Первая смерть подчиненного как бы разделила жизнь Дениса-Тюрзы". Он всей своей сущностью осознал, что на самом деле стоит за не раз слышанной фразой: командир умирает каждый раз, когда погибают его солдаты, и командир, спасая жизни своих подчиненных, бережет и свою жизнь. Ибо судьба подчас дает им, независимо от погон, одну участь на всех.

Рота капитана Алексея Милашевича из батальона морской пехоты Северного флота вышла в горы для выполнения боевой задачи, Черноморцы для обеспечения выхода северян на задание направили свою развод-группу: старшего лейтенанта И. Шарашкина, старшего матроса Г. Керимова и матроса С, Павлихина.

Морпехи 30 декабря 1999 года оседлали сопку 1407, уже прозванную зловещей. Это название безымянной высоты объяснялось весьма просто - с ее вершины постоянно велся огонь по нашим войскам. И по всем признакам именно там, у боевиков находилось что-то вроде базы с развитой системой обороны. Комбат подполковник Анатолий Белезеко вечером произнес в эфире неуставную фразу:

- Леха, уходи с сопки.

Милашевич ответил:

- "Куб", я "Карабин", Все в порядке. Ночь. продержимся...

Пожалуй, никто уже так и не узнает, в чем была ошибка капитана Милошевича. И был ли вообще его просчет? Но около 8.30 утра "белые медведи" были окружены "духами". Жестокий бой длился полтора часа. Разведчики прекрасно видели, как их братьев-морпехов бандиты давят огнем, выбивая "черные береты" одного за другим за грань жизни. Еще накануне черноморцы заняли позицию на вершине соседней сопки. До места боя по прямой - всего два километра. Но где взять крылья, чтобы перелететь и помочь друзьям? По склонам же, по лесам до места кровавого боя добираться часов восемь. И то если торопиться и не особенно обращать внимание на засады и обстрелы. Сердца морпехов разрывались от боли, бессильной ненависти, гнева.
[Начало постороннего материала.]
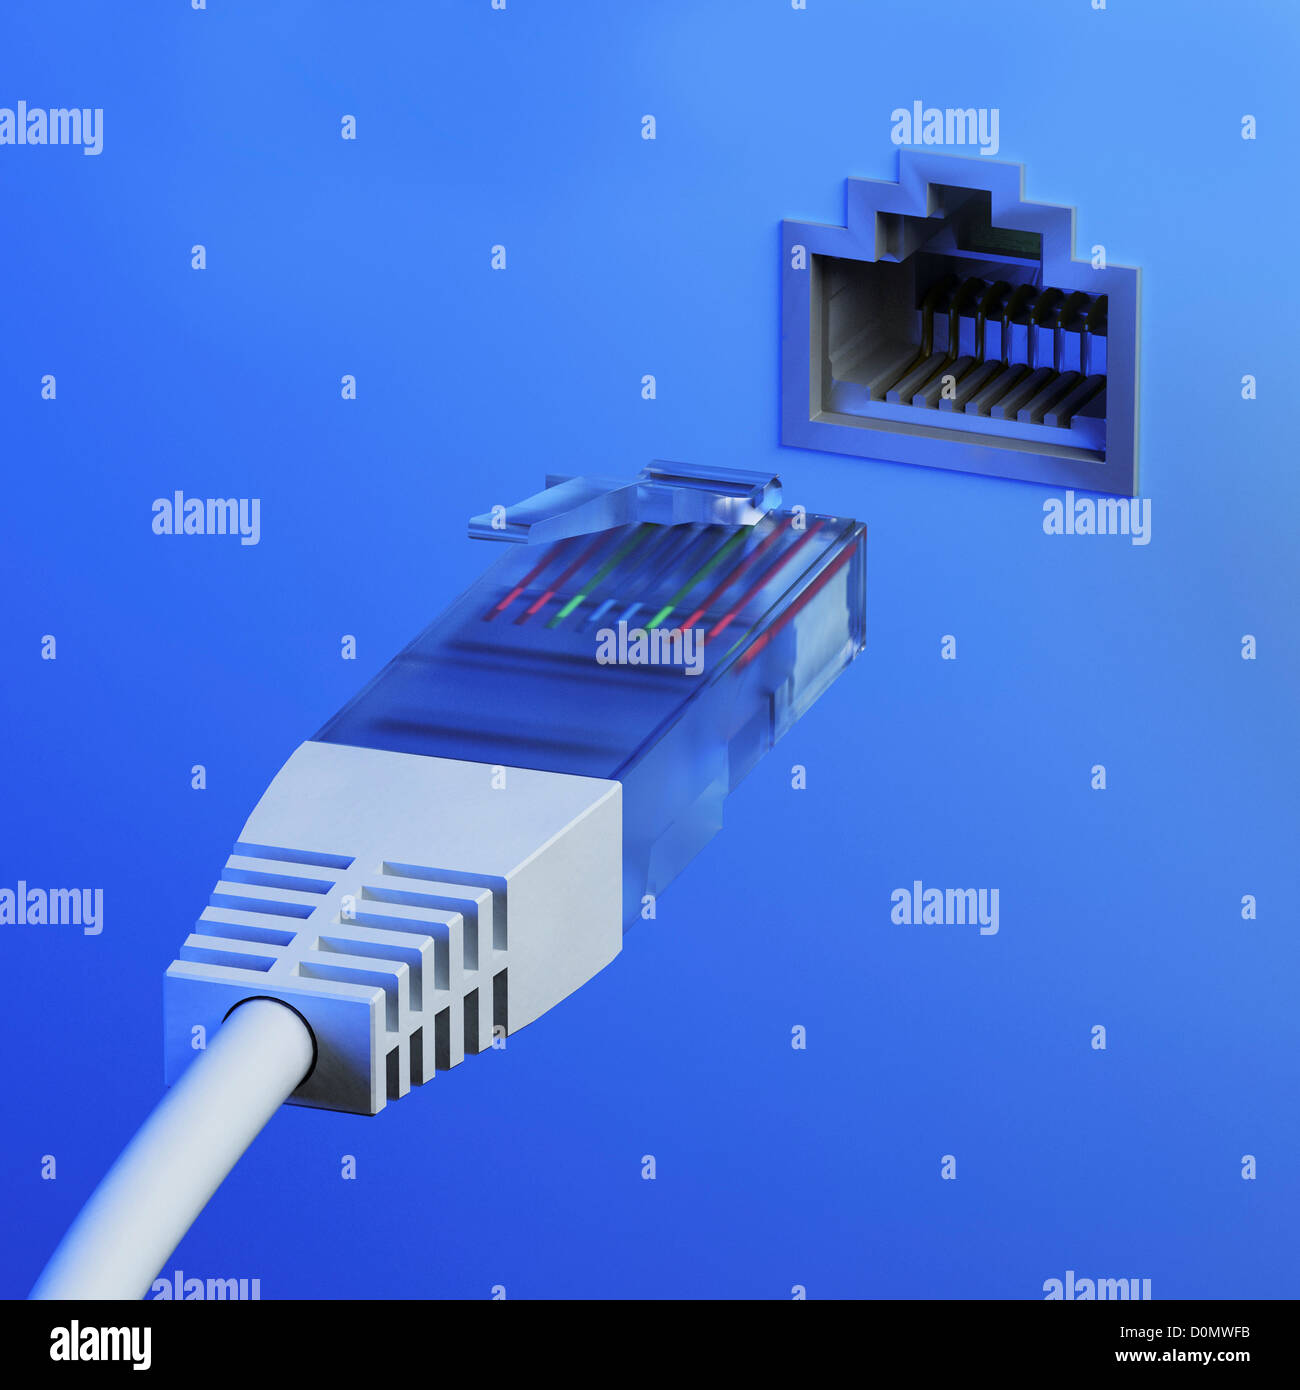 LAN-Kabel in eine Steckdose Stockfotografie - Alamy

Душа отряда уходила на небо по каплям, и каждая - жизнь одного из двенадцати воинов "черной пехоты".

Когда первая группа черноморцев добралась до места боя, офицер доложил по радио:

-"Куб", "Куб", все - "двухсотые".

Ротный северян лежал, обращенный лицом к врагу. Он вел огонь до последнего вздоха. И ни один "черный берет" даже не пытался произнести слово о пощаде. Тяжелораненый старший лейтенант Игорь Шарашкин приказал нескольким оставшимся в живых морпехам оставить его и отходить. Он лежал, истекая кровью. От пуль загорелся находившийся неподалеку стог сена. Офицер горел, не в силах отползти от стога. Бандиты стояли рядом и смеялись, дескать; не надейся на милость, добивать тебя не станем...
На той сопке "Гюрза" потерял своего однокашника по училищу - старшего лейтенанта Юрия Курагина.
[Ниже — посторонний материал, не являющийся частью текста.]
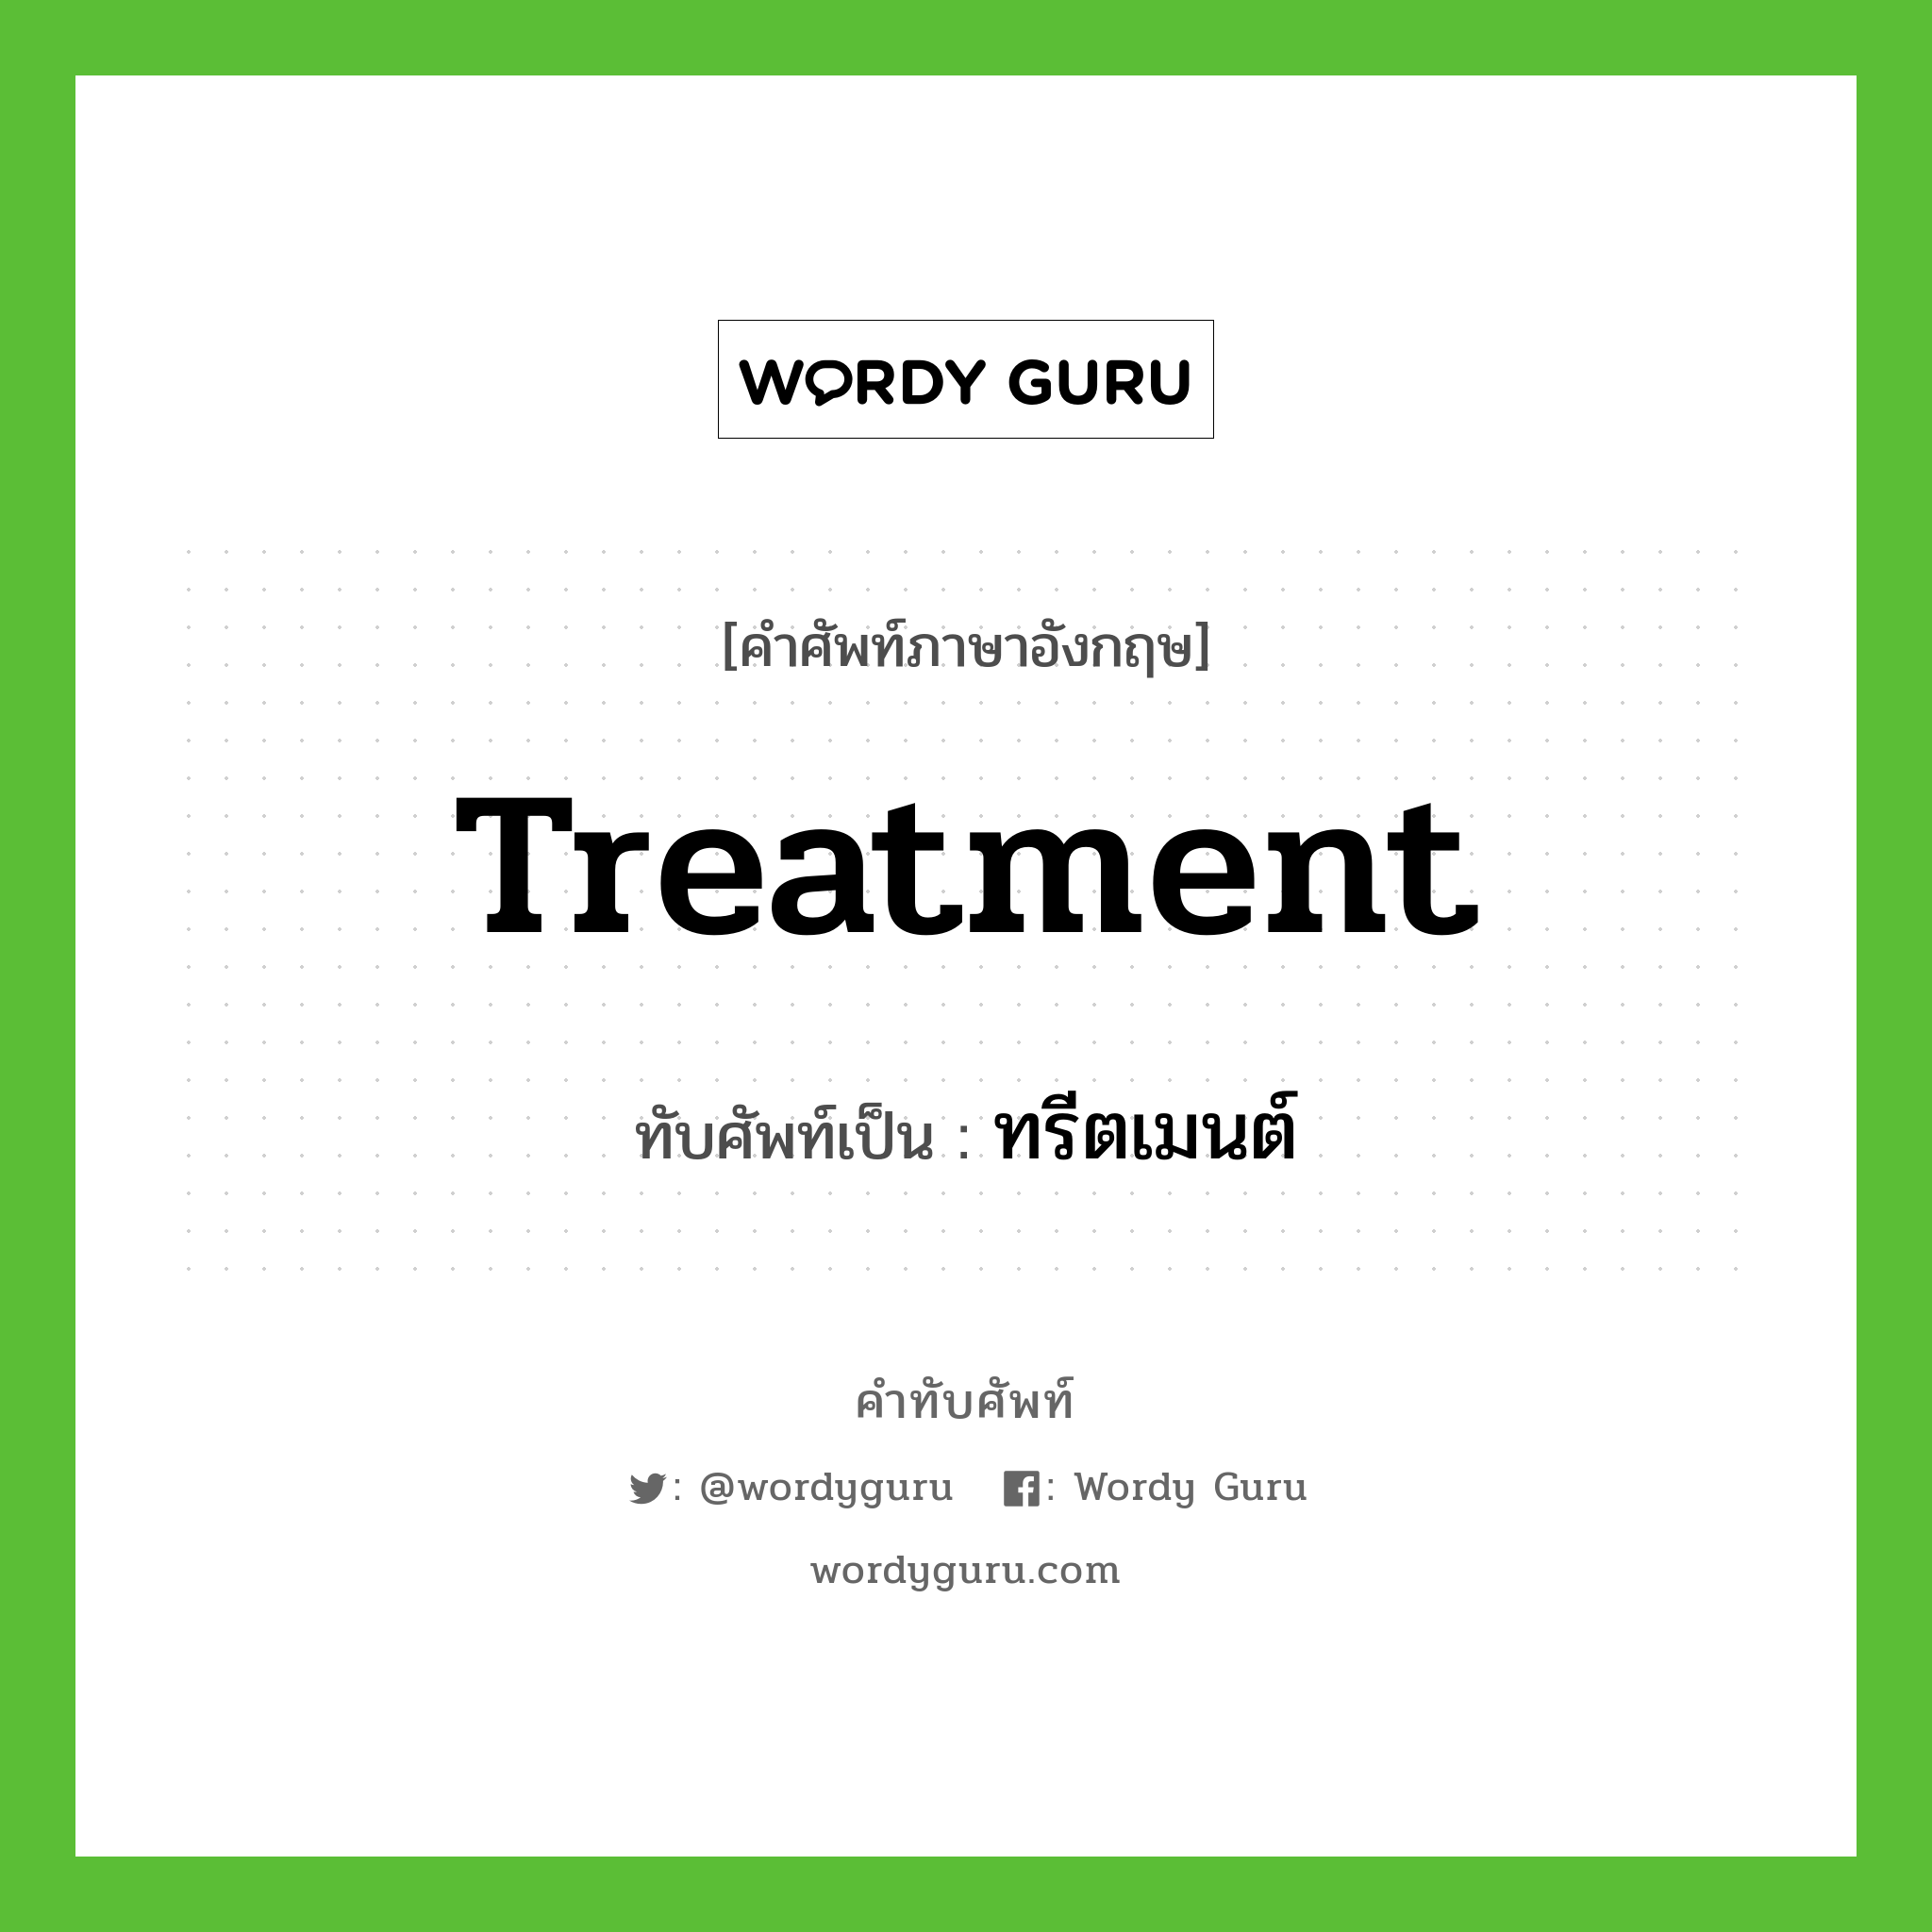 Treatment เขียนเป็นคำไทยว่าอะไร?, คำศัพท์ภาษาอังกฤษ Treatment ทับศัพท์เป็น ทรีตเมนต์

С тех пор высоту назвали Матросской.

- В чем особенность нашего солдата и насколько изменился он за последние годы? - повторяет мой вопрос Денис Ермишко, - Каким был русский солдат раньше, я знаю только по книгам фильмам и рассказам ветеранов. Как он воюет сейчас?
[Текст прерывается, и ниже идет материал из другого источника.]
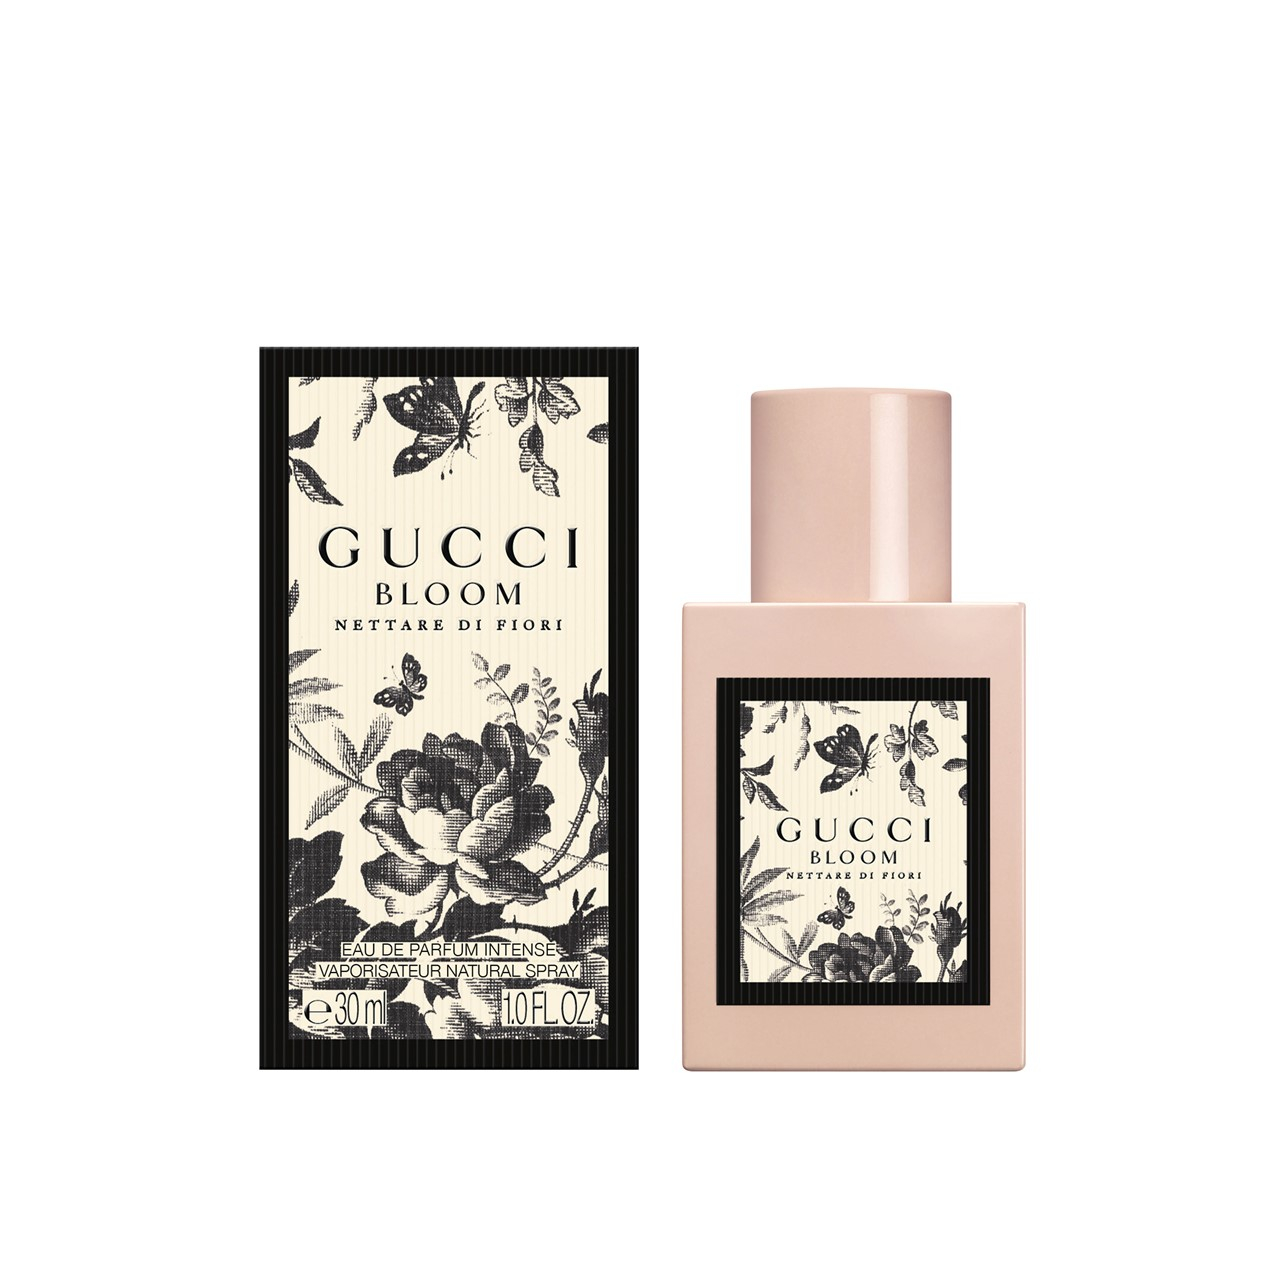 Gucci Bloom Nettare Di Fiori Eau de Parfum Intense 30ml (1.0fl oz)

"Гюрза" говорит скупо, его оценки лишены каких-либо словесных нагромождений. В глубине души русский человек сохранил свою извечную доброту. Но стоит только русскому, как говорят, хоть раз получить в зубы, умыться кровью, увидеть смерть друзей, услышать крики раненых товарищей - он преображается. В бою наш солдат хладнокровен, беспощаден, хитер и осторожен, способен переиграть самого искусного противника, превосходно владеет оружием, и непрестанно учится воевать еще лучше.

На очередном выходе на задание в горы, один из морпехов был тяжело ранен. Вынести его в свое расположение не удавалось. Боевые друзья перевязали раненого, отнесли в относительно спокойное место, укрыли опавшей листвой. И затем держали вокруг него оборону, пока не подоспела подмога. Ни у одного из них даже не возникла мысль бросить товарища, отойти, чтоб не рисковать своей жизнью.

Готовясь к выходу на задание, разведчики вместо сухого пайка старались взять как можно больше патронов и гранат. Еды брали в обрез, лишь самый необходимый минимум, Случалось, выход затягивался. И разведгруппы по двое, трое суток питались в лесу подножным кормом. Но в следующий выход все повторялось. Боеприпасы - в первую очередь, продукты брали с собой в самую последнюю. В бою от количества патронов зависит жизнь солдата и успех боевой задачи.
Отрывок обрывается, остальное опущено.